■ WHAT THE TASK REQUIRES:
Word for word, retype the lines from the one containing "Goodhead Tasty Gel" to the one containing "April 28, 2023 Ransomware Wrap-Up" below, keeping both end lines and dropping the pictures.

■ PROVIDED RECORDS:
··········
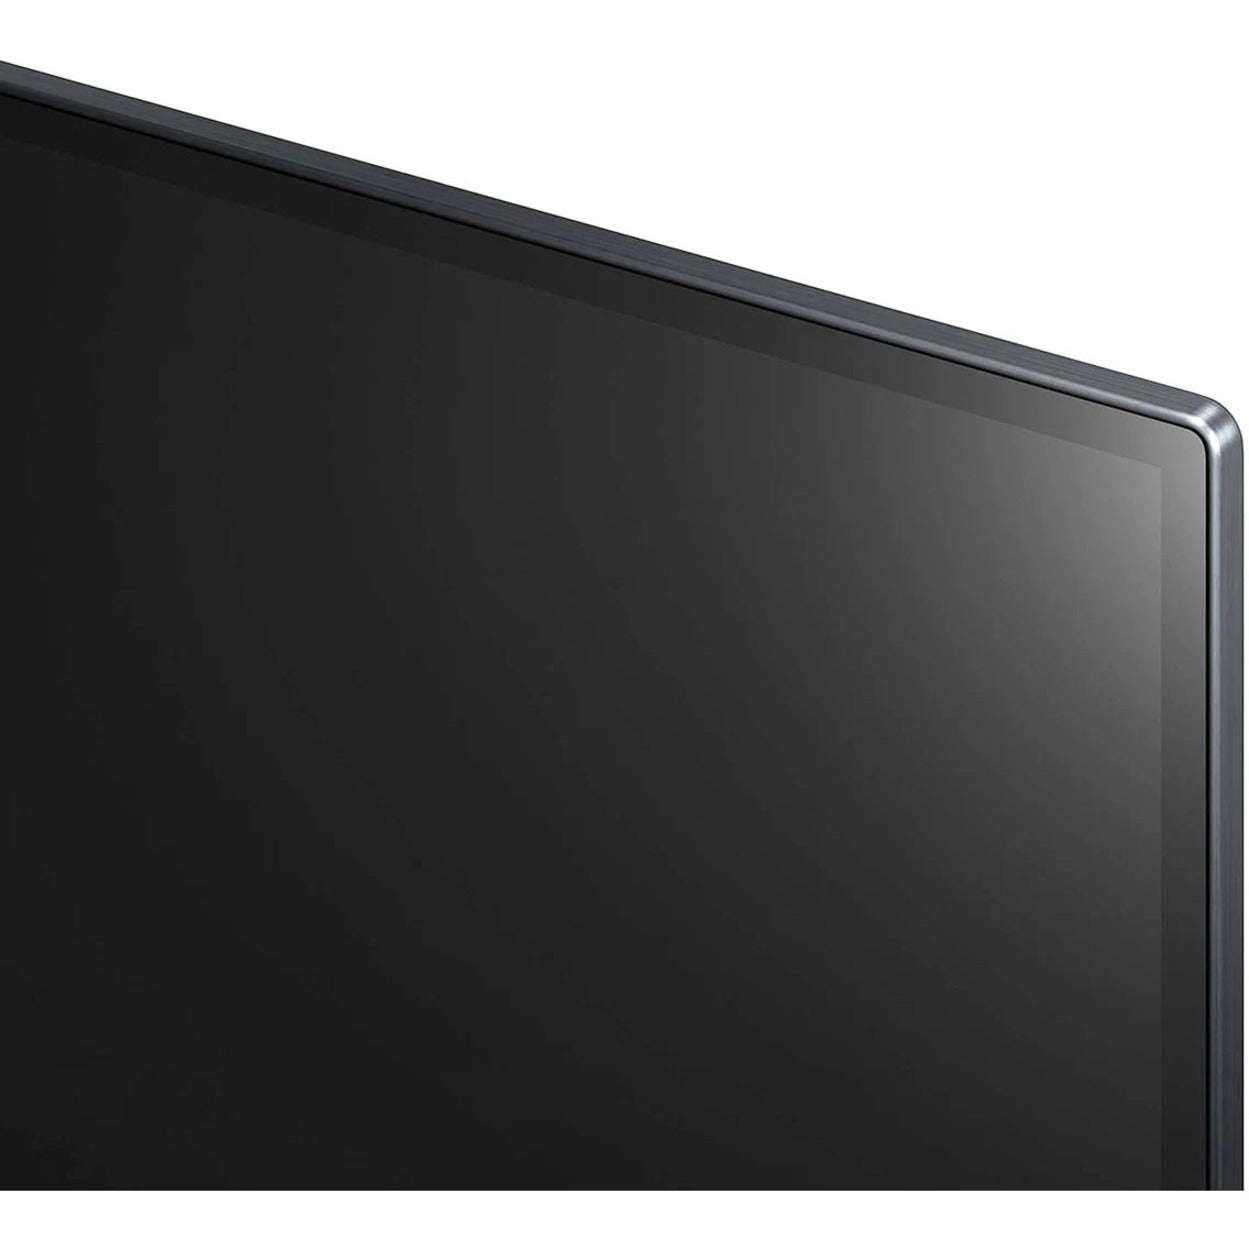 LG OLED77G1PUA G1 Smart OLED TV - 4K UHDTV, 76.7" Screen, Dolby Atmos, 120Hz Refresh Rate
··········
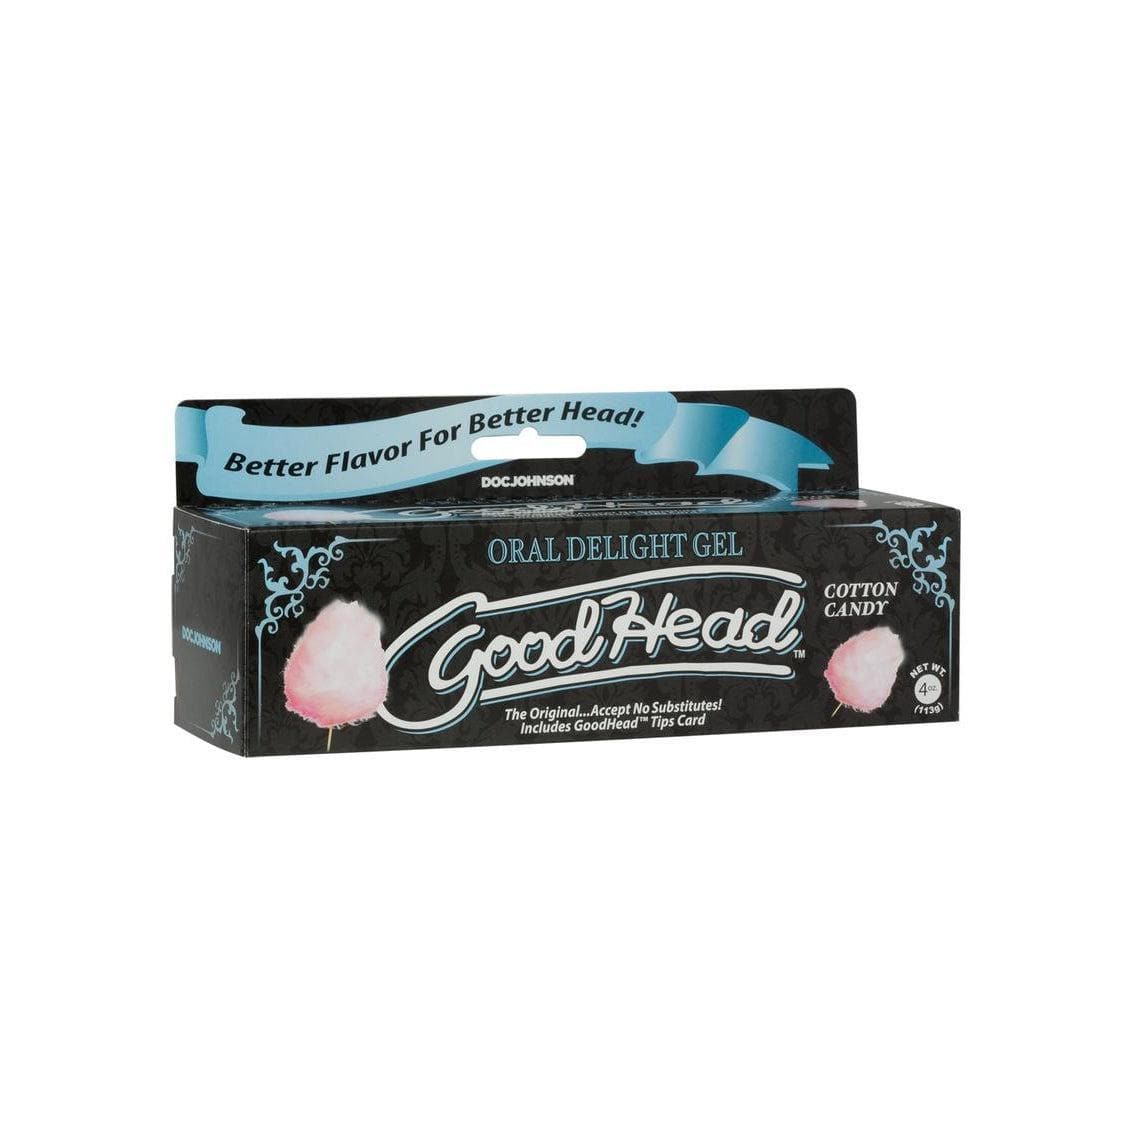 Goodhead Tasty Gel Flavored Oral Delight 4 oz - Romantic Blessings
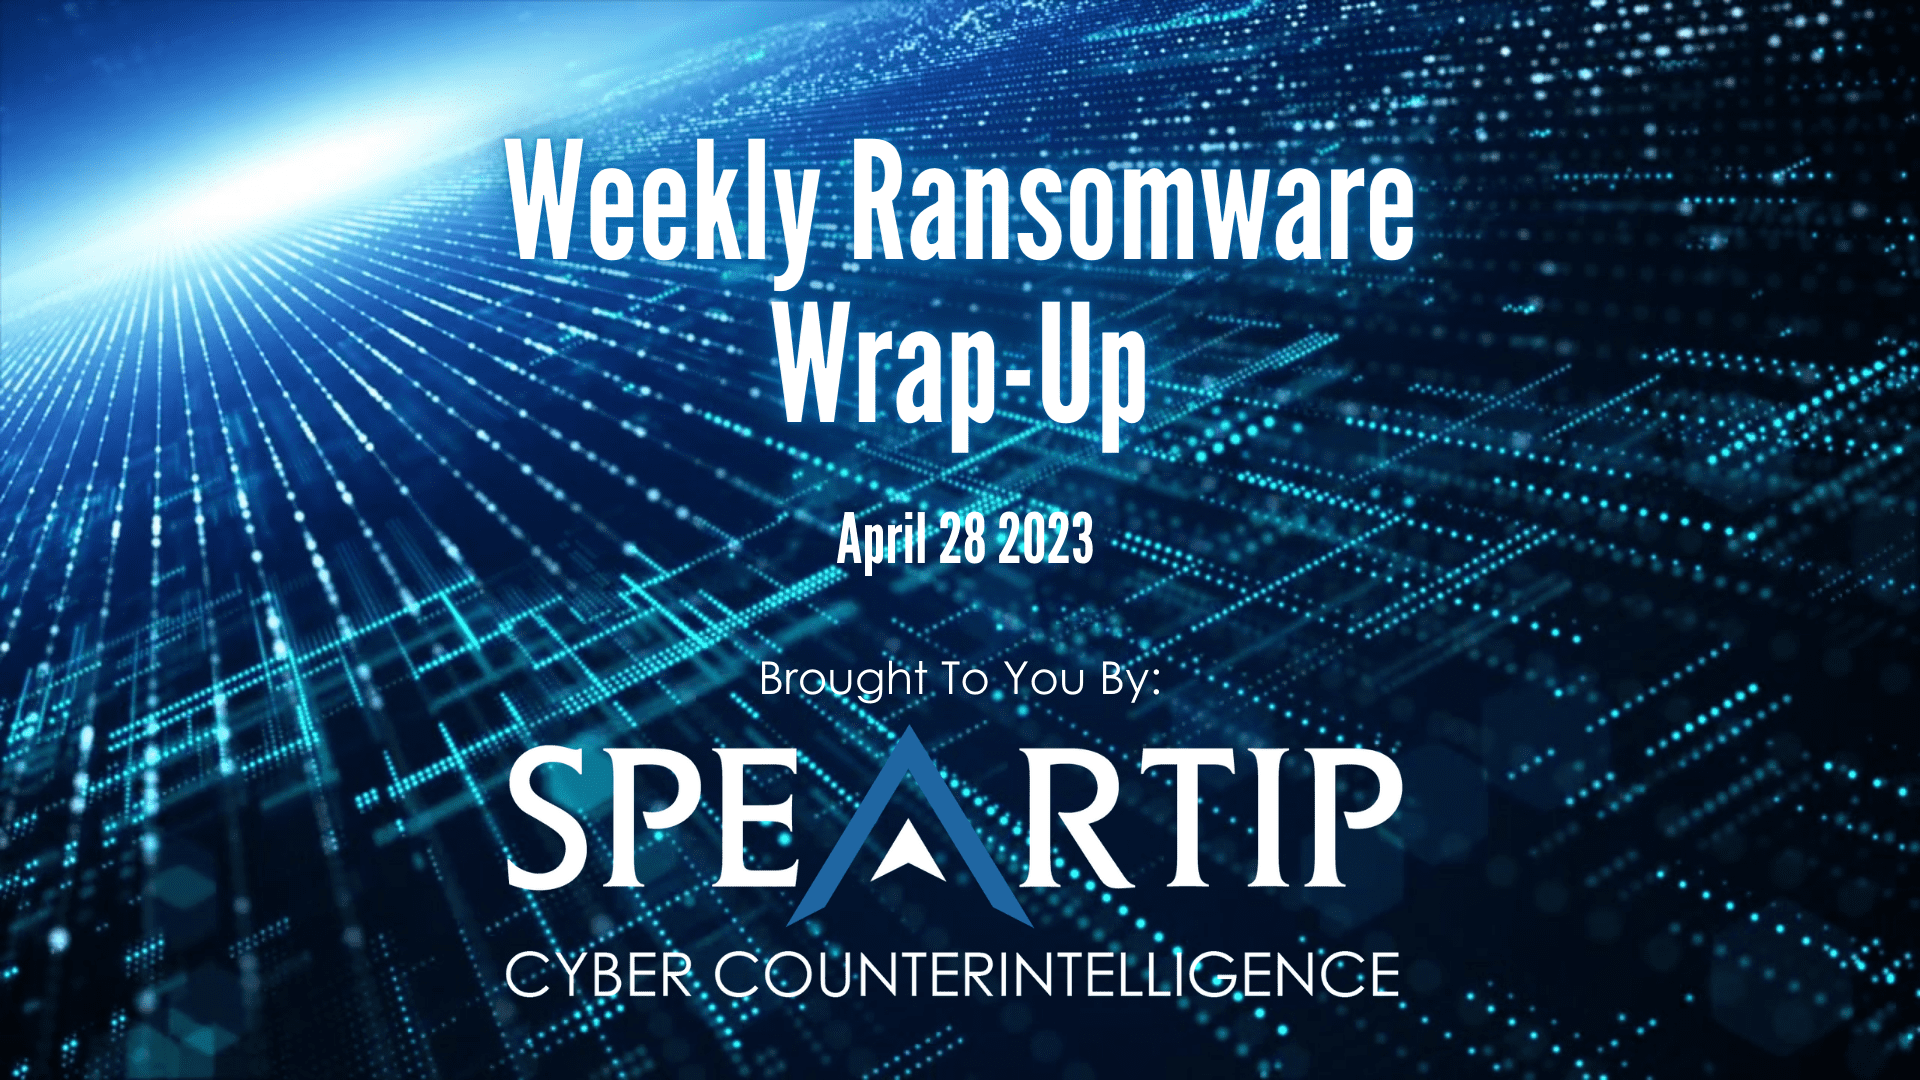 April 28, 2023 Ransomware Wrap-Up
··········
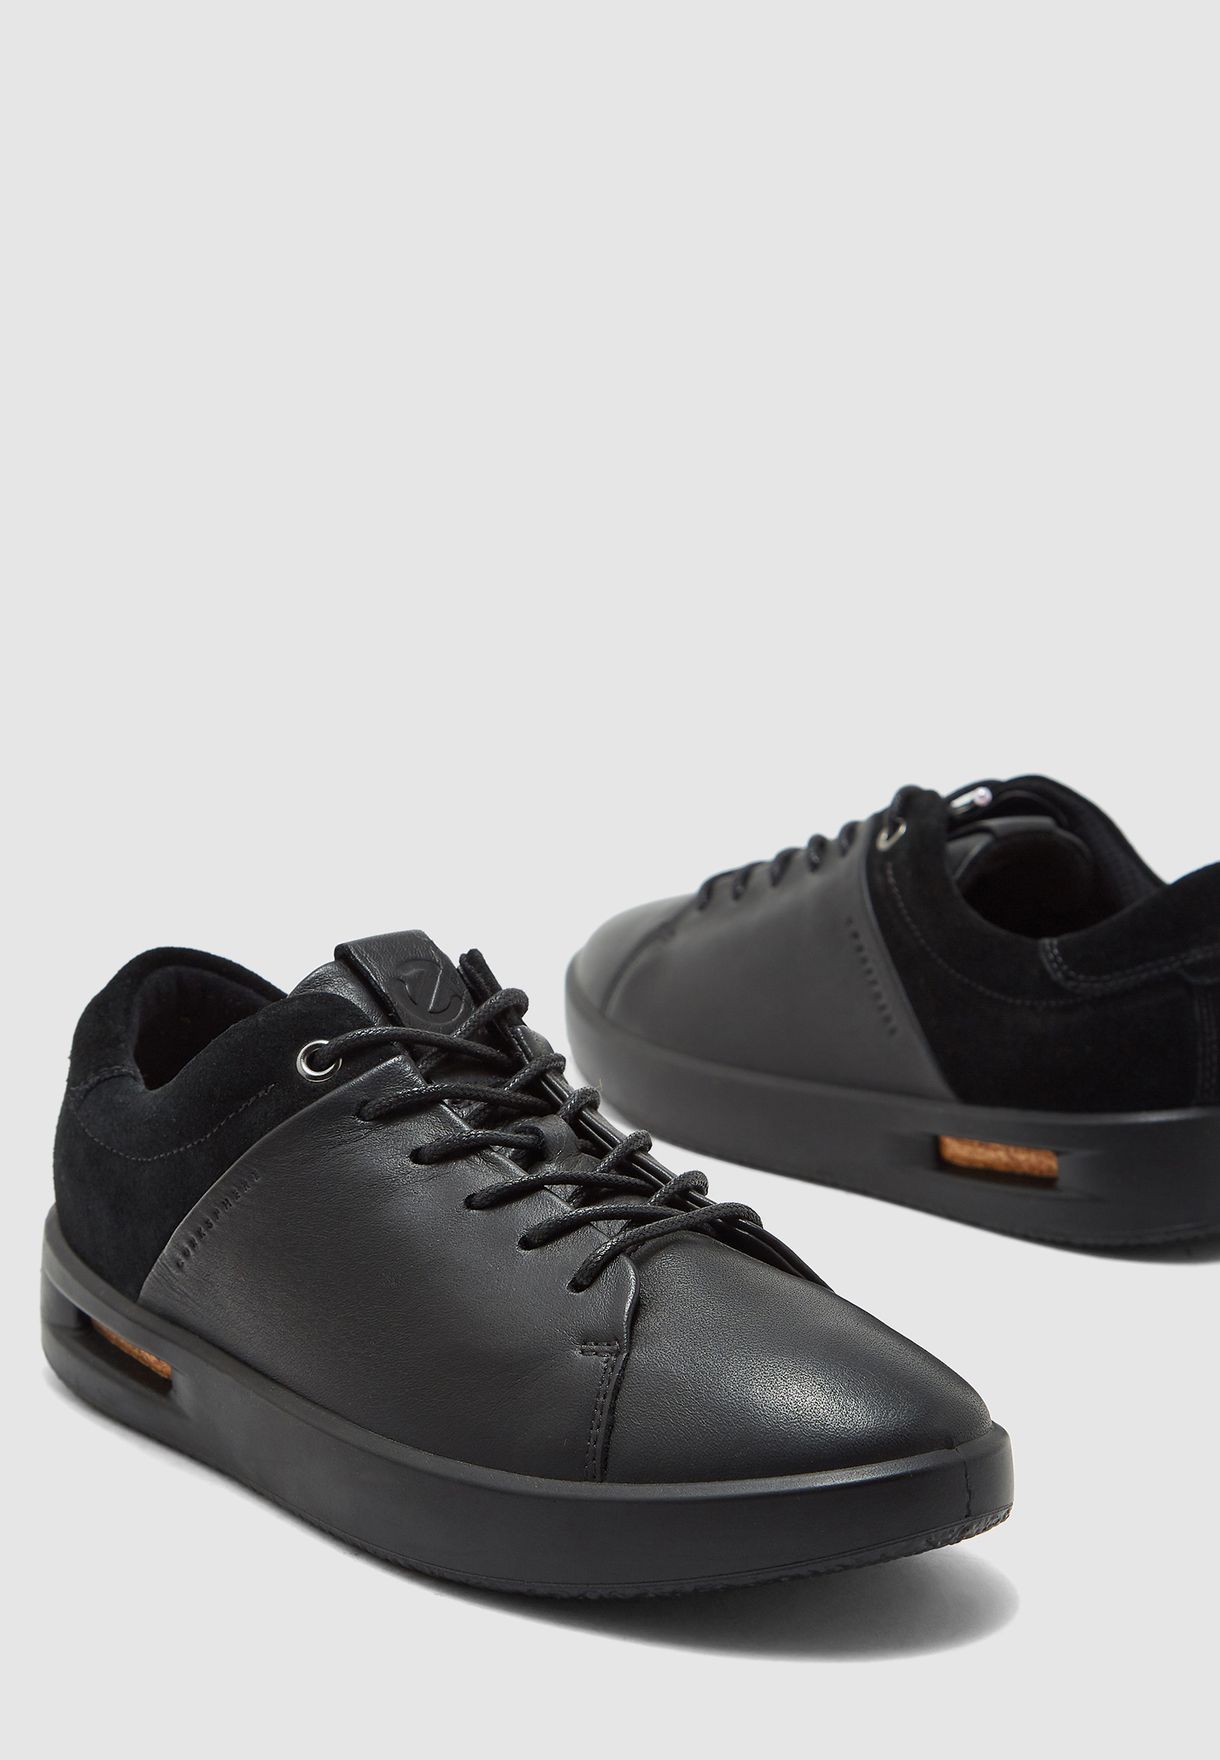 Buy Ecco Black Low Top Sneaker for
··········
■ RESPONSE:
 Goodhead Tasty Gel Flavored Oral Delight 4 oz - Romantic Blessings
 April 28, 2023 Ransomware Wrap-Up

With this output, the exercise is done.